### Data to use

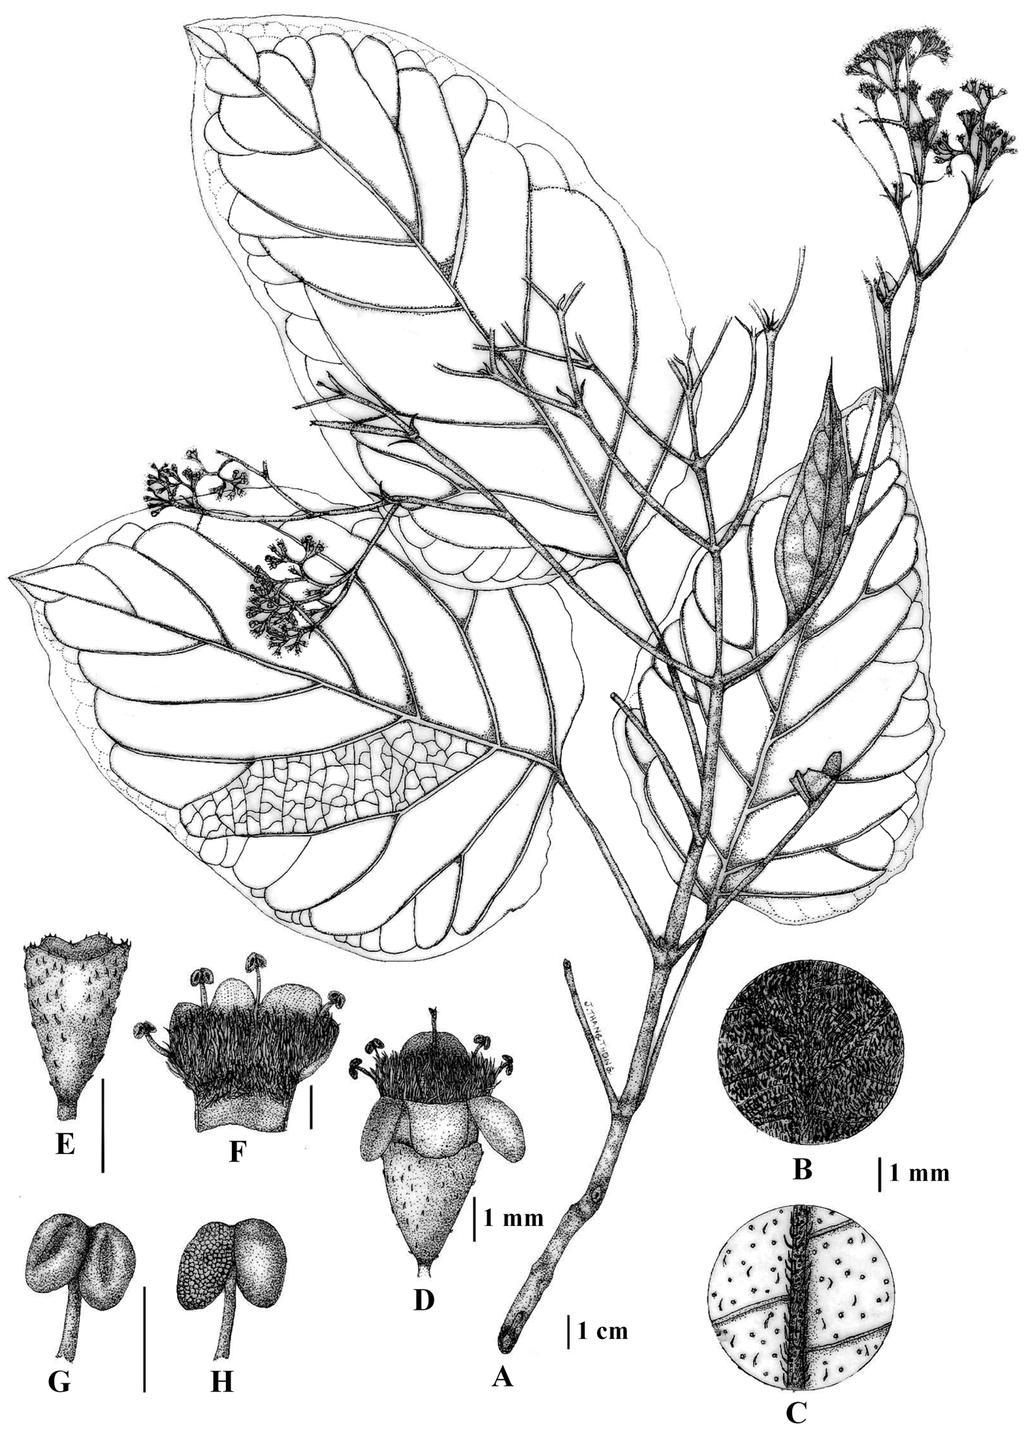 10 NAT. HIST. J. CHULALONGKORN UNIV. 8(1), MAY 2008 FIGURE 2. Premna rabakensis: A. flowering branch; B. adaxial surface of leaf with densely pubescent hairs; C.
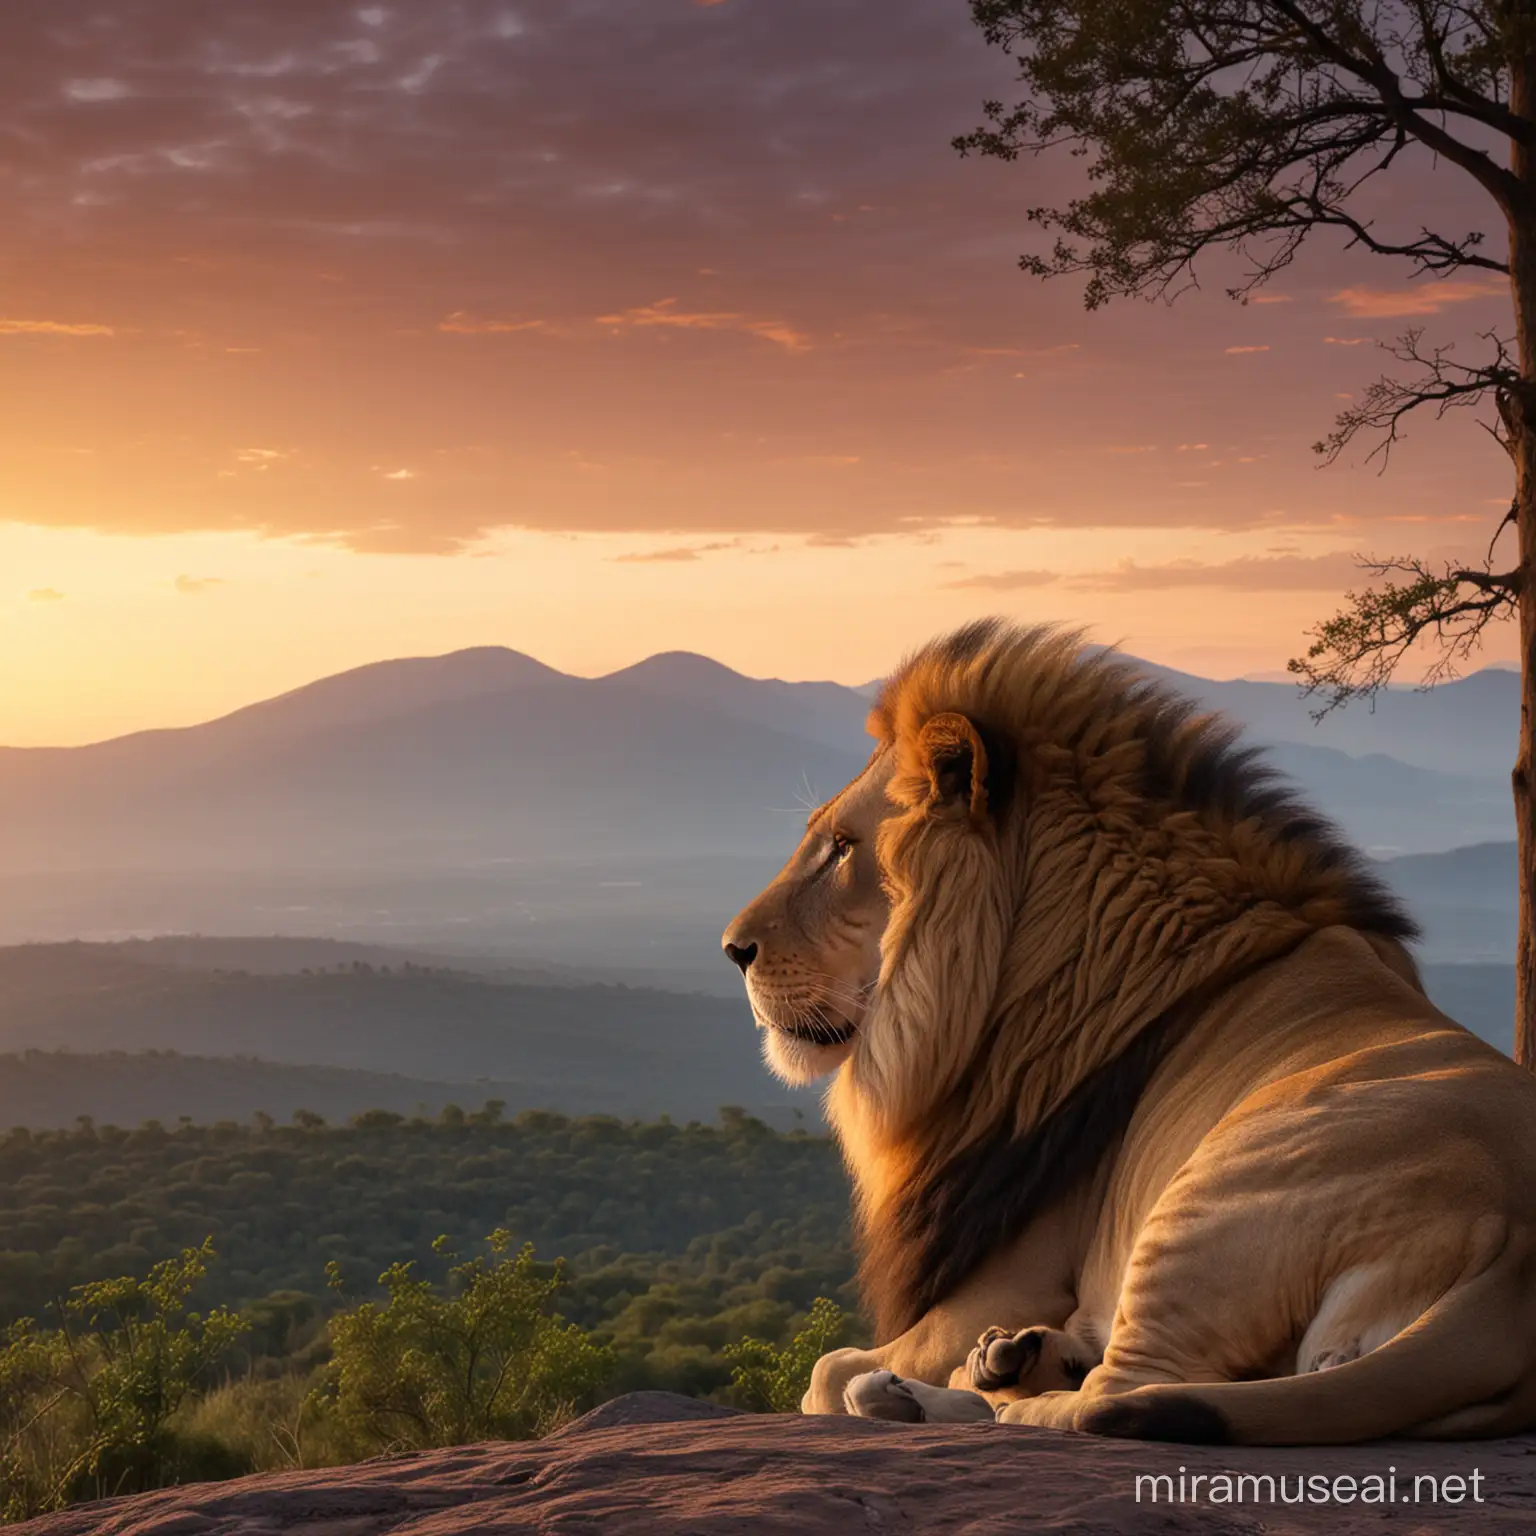 A lion sits, gazing at the sunset in the forest, atop the mountain, only its back visible.
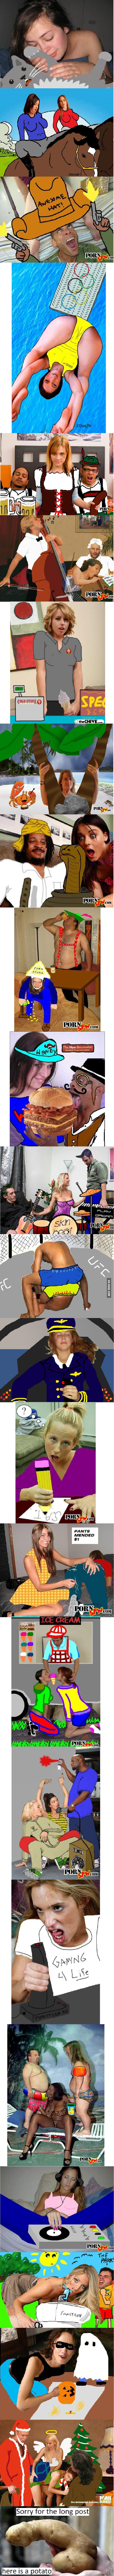 Porn+ms paint is hilarious (safe for work) - 9GAG
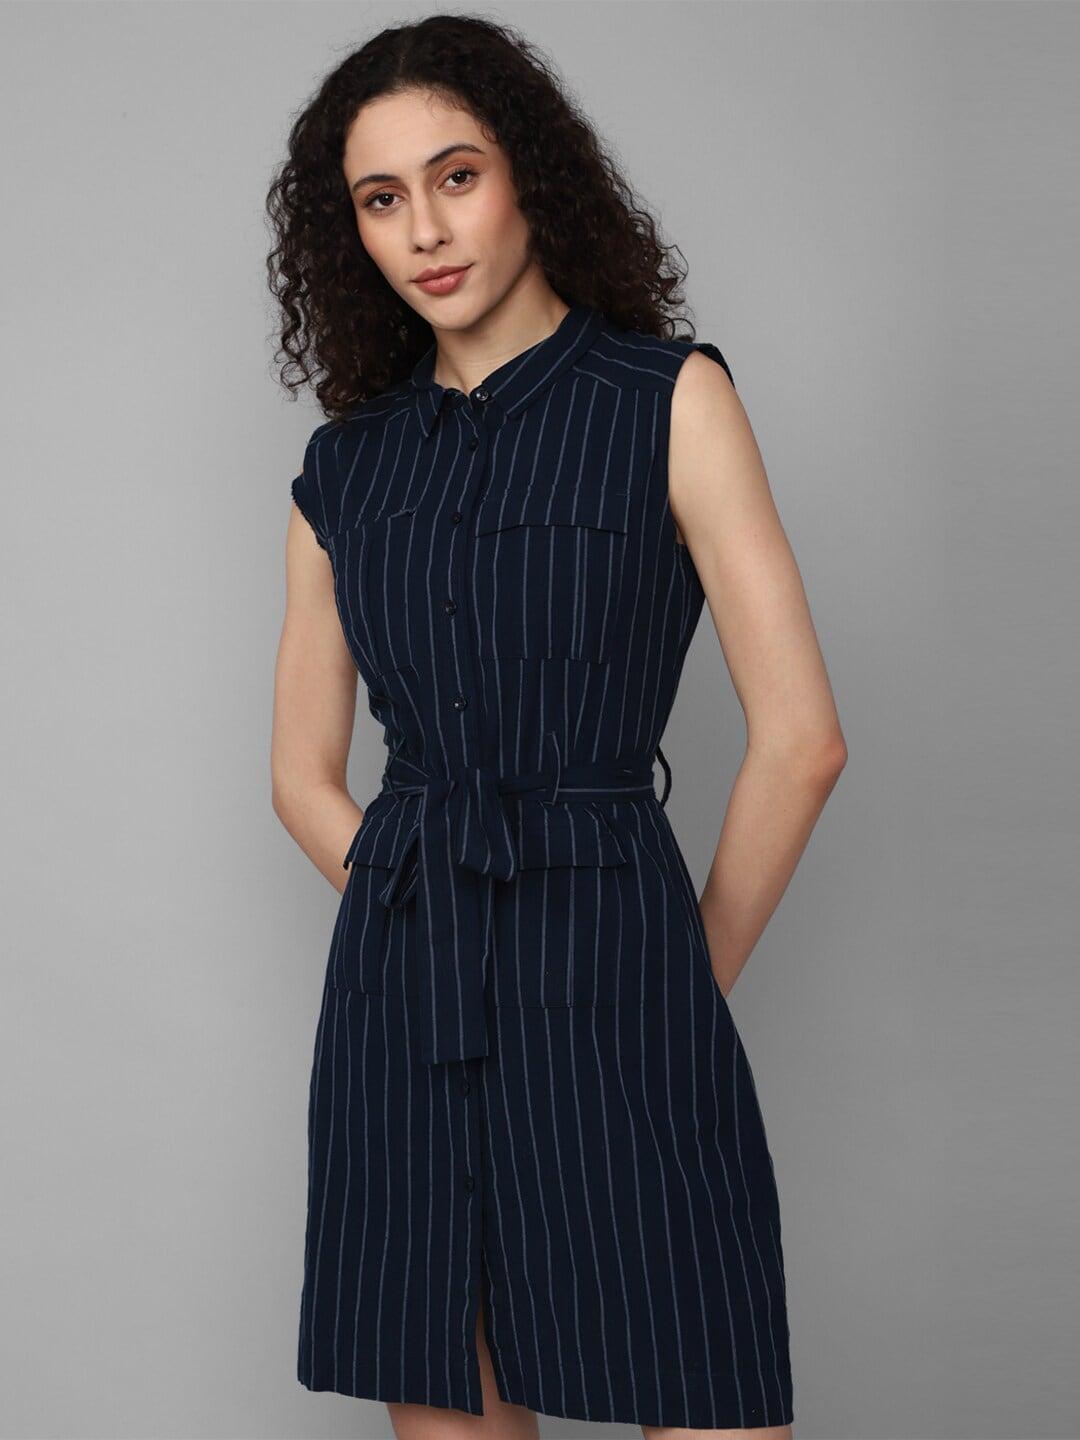 allen-solly-woman-striped-oversized-pocket-tie-up-cotton-shirt-style-dress
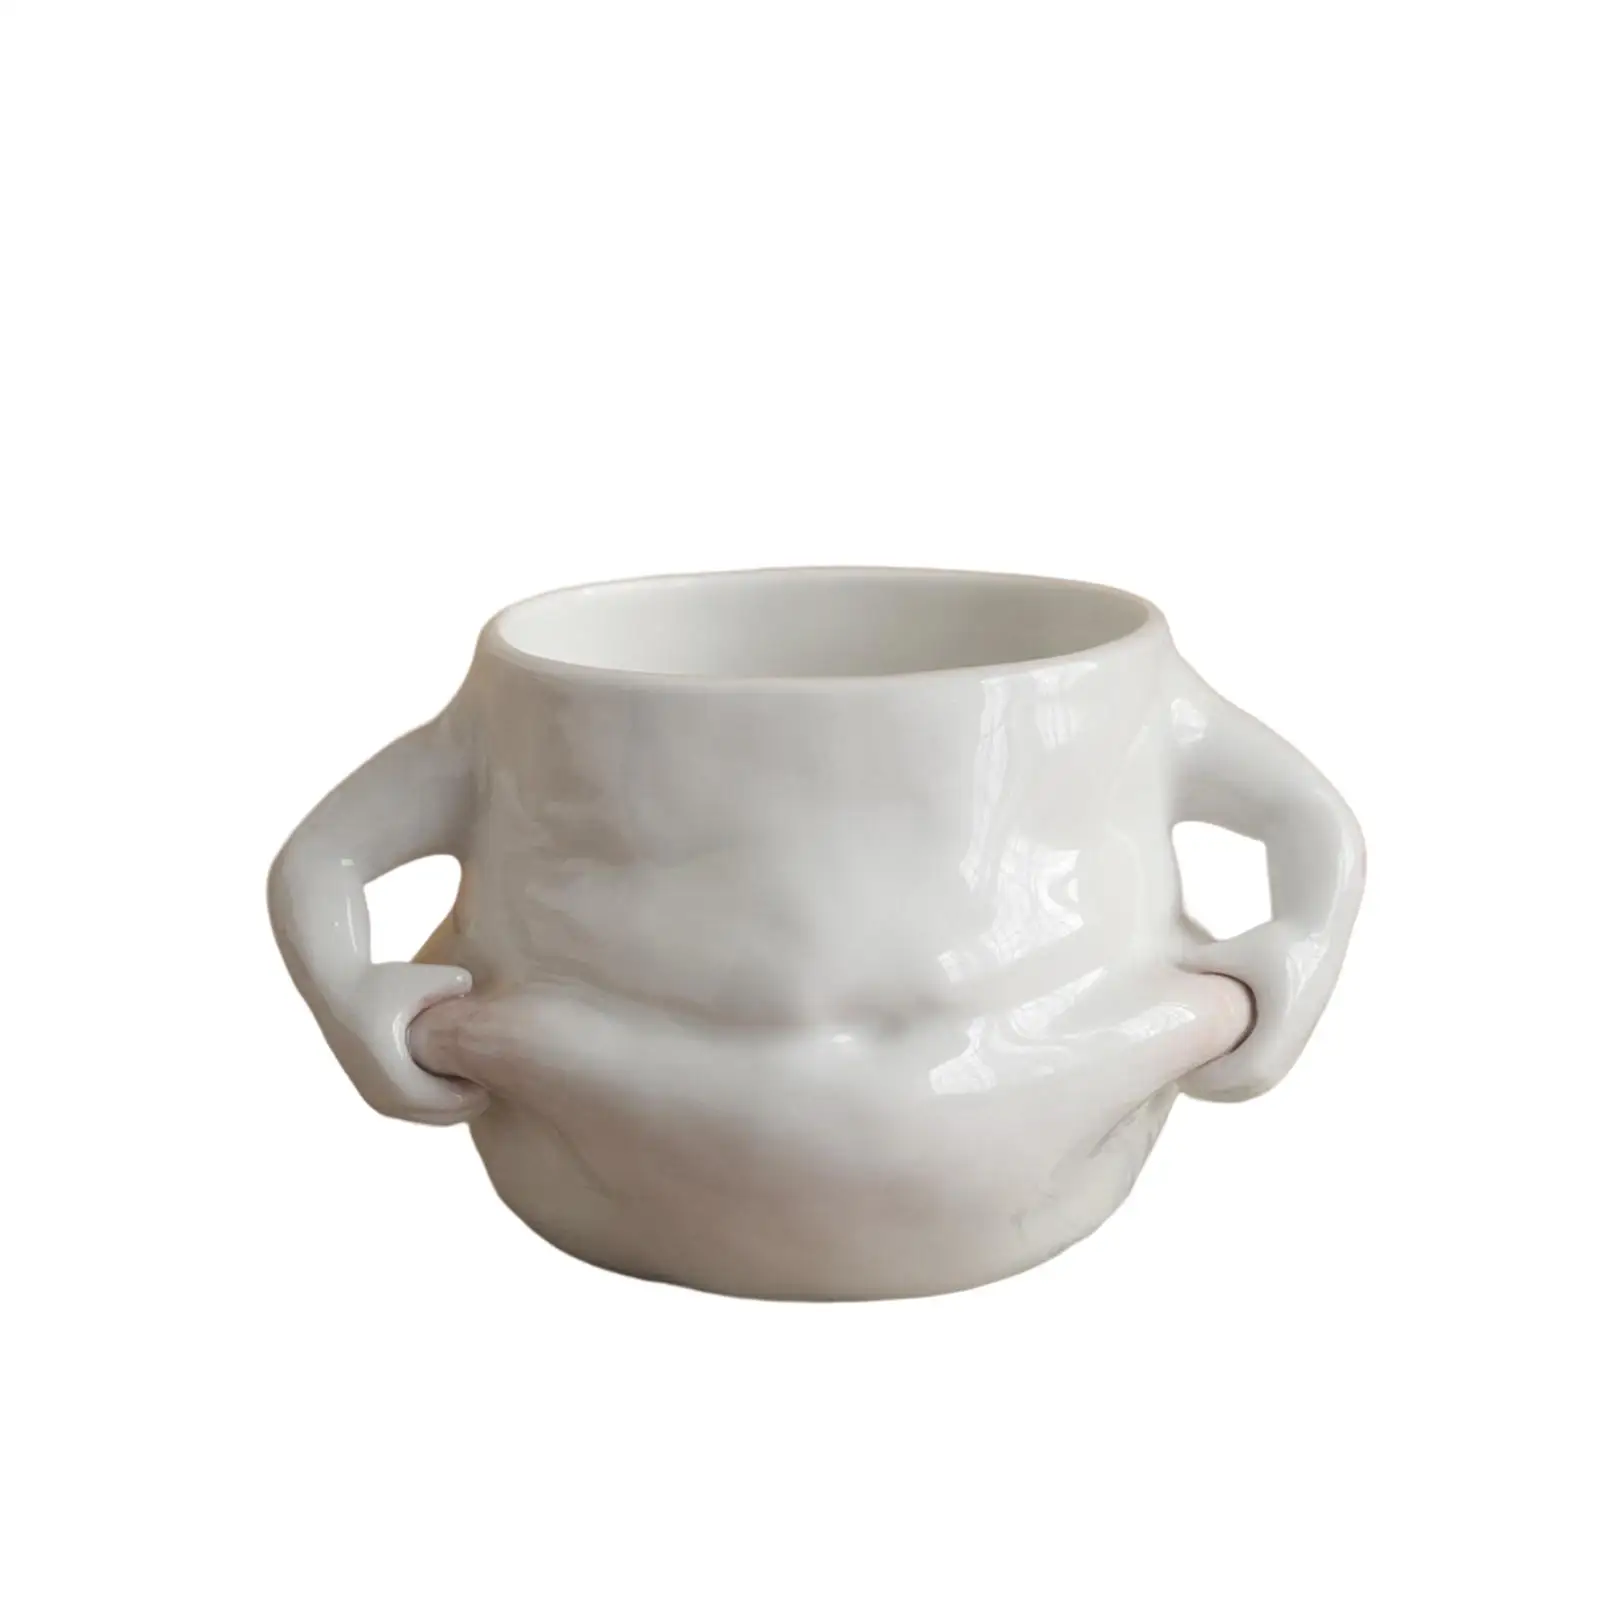 Creative Ceramic Coffee mug Cup Housewarming Gift Novelty white Pinch Belly Funny for pub kitchen

### Problem details
Omit the pictures; restate every entry word for word.

### Result for this task
 10 NAT. HIST. J. CHULALONGKORN UNIV. 8(1), MAY 2008 FIGURE 2. Premna rabakensis: A. flowering branch; B. adaxial surface of leaf with densely pubescent hairs; C.
 A lion sits, gazing at the sunset in the forest, atop the mountain, only its back visible.
 Porn+ms paint is hilarious (safe for work) - 9GAG
 allen-solly-woman-striped-oversized-pocket-tie-up-cotton-shirt-style-dress
 Creative Ceramic Coffee mug Cup Housewarming Gift Novelty white Pinch Belly Funny for pub kitchen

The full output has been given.